SWINDON, UK – Another pretty quiet week, so I thought I would go on about my recent holiday instead. No? Perhaps it would be best because even without naming names and places for anyone who reads a daily tabloid the embarrassment would be difficult to disguise, especially involving a man of the cloth.
So, enough of me, and onto what little news there was. The Bees returned another pair with the re-signing of Brits Ben Johnson in defence and Matt Foord to the forward line.
Johnson hasn’t strayed far from Bracknell for the last four years with spells playing for the ENL Hornets, while Foord, who first played for the Bees in 2005, has wandered slightly further afield including a couple of seasons in Swindon with the Wildcats.
In Guildford the Flames re-signed Milos Melicherik for what will be his tenth season with the club. The Slovakian forward first arrived in Guildford in 2003 from playing on the Continent and has clocked up some respectable figures ever since at a fairly consistent fraction under two points per game on average.
Meanwhile, 20-year-old D-man Ross Green re-signed for the Lightning for what will be a seventh season in Milton Keynes.
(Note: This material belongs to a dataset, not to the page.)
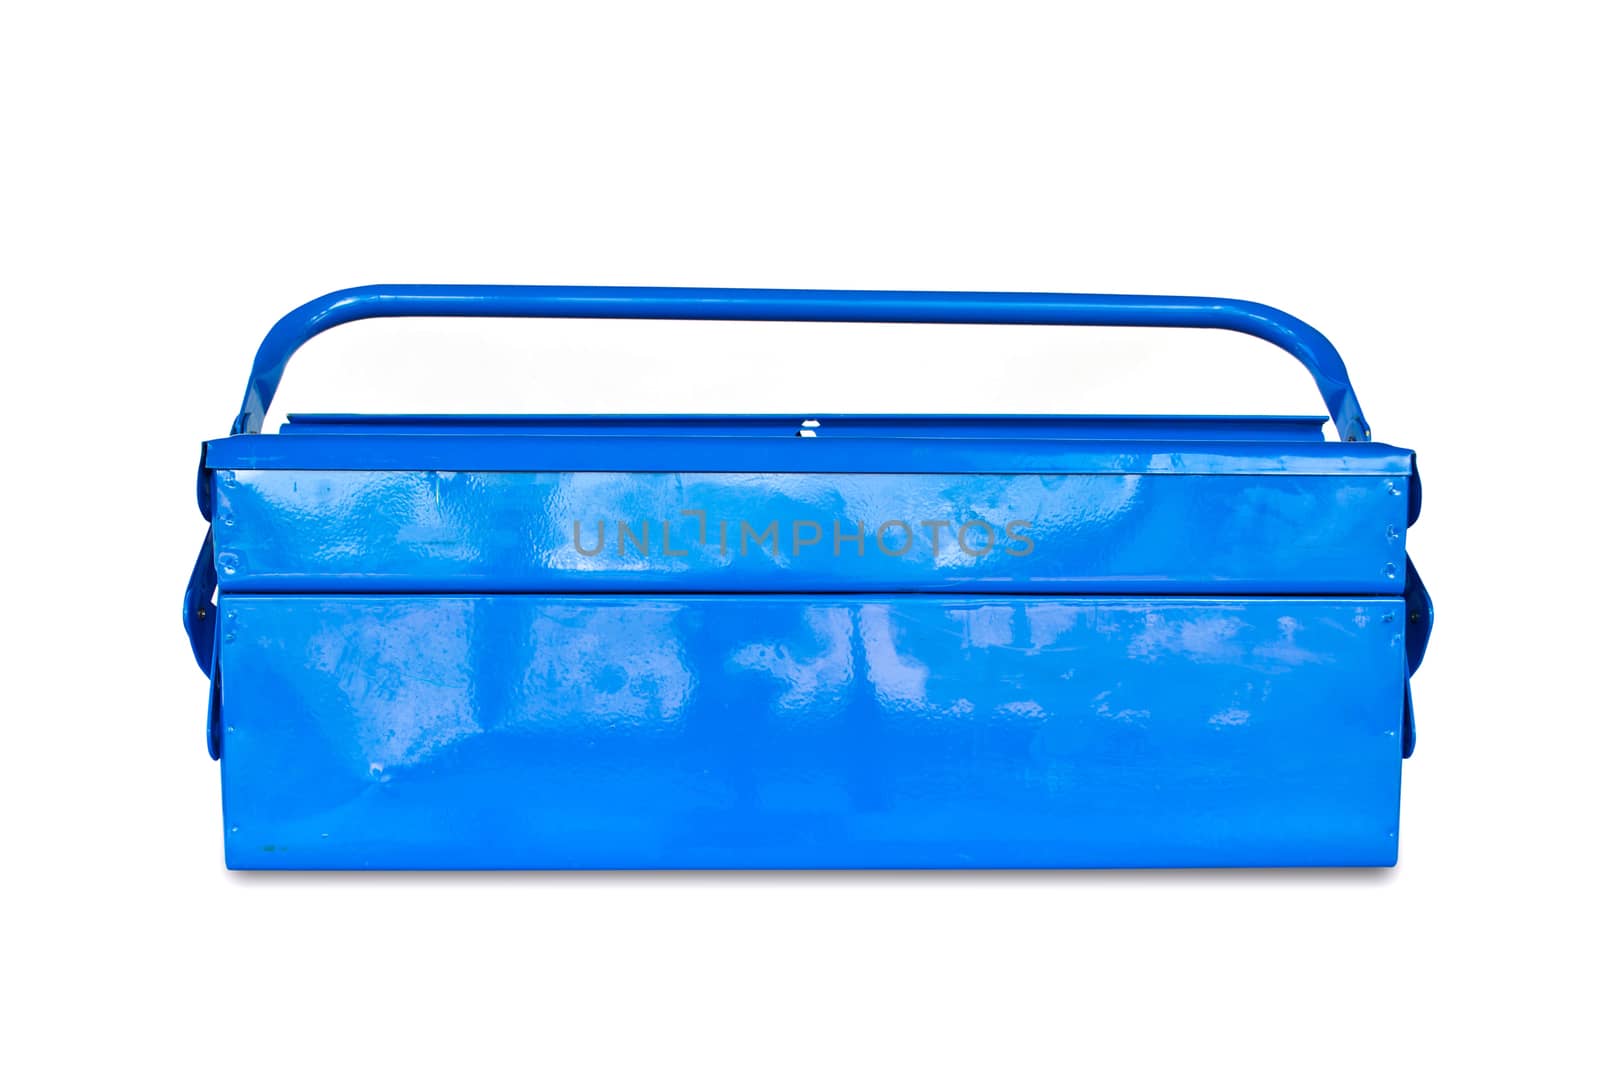 Blue tool box isolated on white background by Thanamat

Green kicked off his career with the Storm as a GB Under-19 player in 2006 graduating to the senior side the following season. Since then the Lightning, Storm and Thunder have all had their share of him, which sounds like quite a tempestuous career, and so too has the GBU-20 side.
The Tigers added 22-year-old D-man Jaroslav Kruzik from playing most recently in Slovakia with HK Nitra. This is the first time the Czech has played in Britain but he showed a lot of promise in the Ontario Hockey League a couple of seasons back.
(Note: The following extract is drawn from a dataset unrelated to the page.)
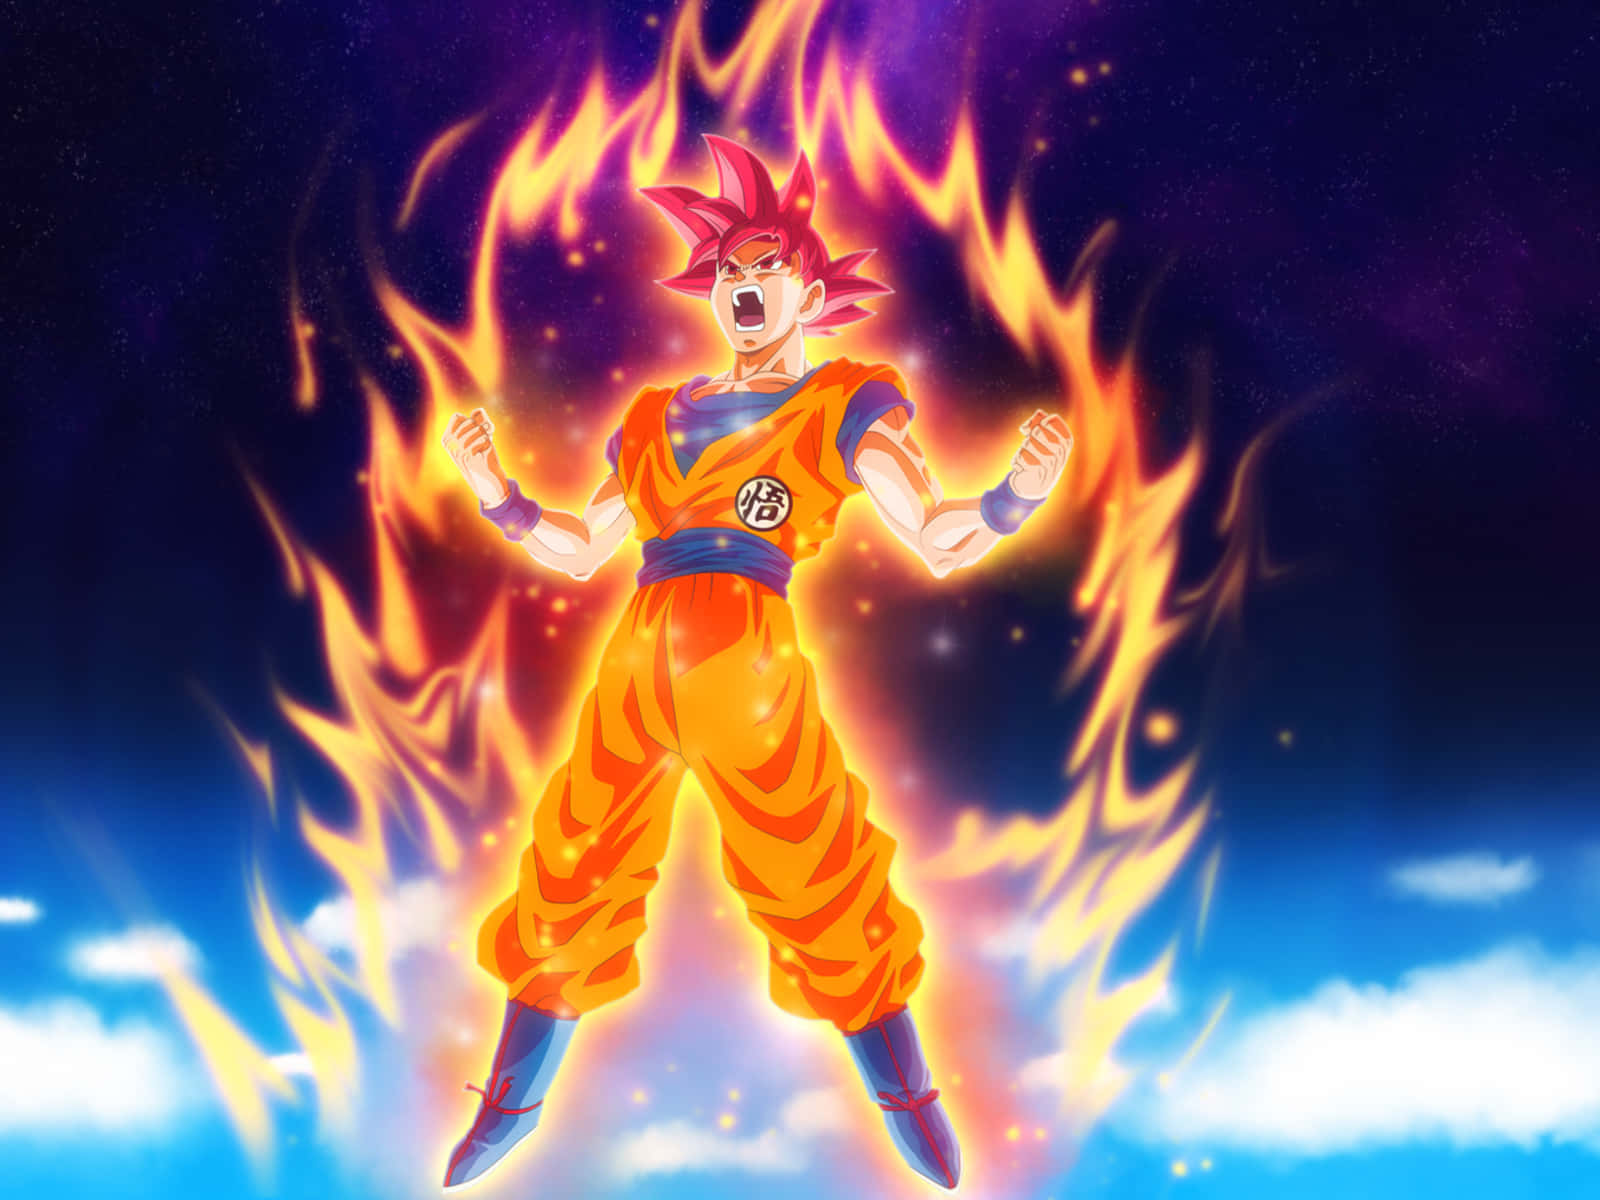 Imagemdo Goku Super Saiyan Do Dragon Ball Z.

The show-stealers this week, however, were the Steeldogs with three names added to their squad. D-man Lewis Bell returned for a third time, and while not exactly born and bred in Sheffield has certainly spent enough years there with the Scorpions, Spartans, Steelhawks and Scimitars to know his way around without a guide dog.
Forward Craig Elliott, who joined the Steeldogs in 2010 after several years in the ENL in Hull but then lost part of last season through injury, also returned.
Then, well, cover me in sugar and call me a doughnut, but like last week, another ‘mystery’ solved as the long awaited Derek Campbell, who left the Elite League’s Hull Stingrays a couple of weeks ago, finally appeared in the Sheffield arrivals lounge.
Campbell, who first played in British hockey back in 2006 with the Phoenix when they were in the Elite League, has had what you might call an intriguing career since having amassed in those seven years an impressive 1,408 penalty minutes or 4.34 per game on average. In the ten years prior to that in North America he accrued an average of 2.37 minutes per game. In other words, something changed quite radically on his coming to play in Britain with a jump of around double the penalties. Now whether that is a difference in how the rules are enforced here, which on the face of it doesn’t sound likely because his peak was actually last season which suggests either he hasn’t adapted to any difference for whatever reason, or, alternatively, he is a more physical player, is anyone’s guess.
Either way, with 264 penalty minutes last time out he makes even his new boss Andre Payette, who led the EPL last season with 216 penalty minutes, look like a choir boy. Well, maybe not quite a choir boy. Did I really say that? Anyway, with almost 500 points between them that is almost as much as the Tigers or Phoenix or Phantoms total team tally for penalty minutes, and if you add Steeldogs’ other top ten penalty-taker Pavel Gomeniuk, then it surpasses those totals by a mile.
Now while it would be wrong to pre-judge it will be fascinating to compare Campbell under Payette with Andrew Sharp at the Flames last season who was subdued by his standards under the reign of Paul Dixon. Payette, of course, has a different philosophy and with the Steeldogs ruling the penalty chart last season, cast the runes and they fall in a pattern which suggests more of the same – big time!
But I don’t need a bag of magic stones to tell me that was all the news for the week, so it is time to go back to see if the vicar has come out of hiding yet.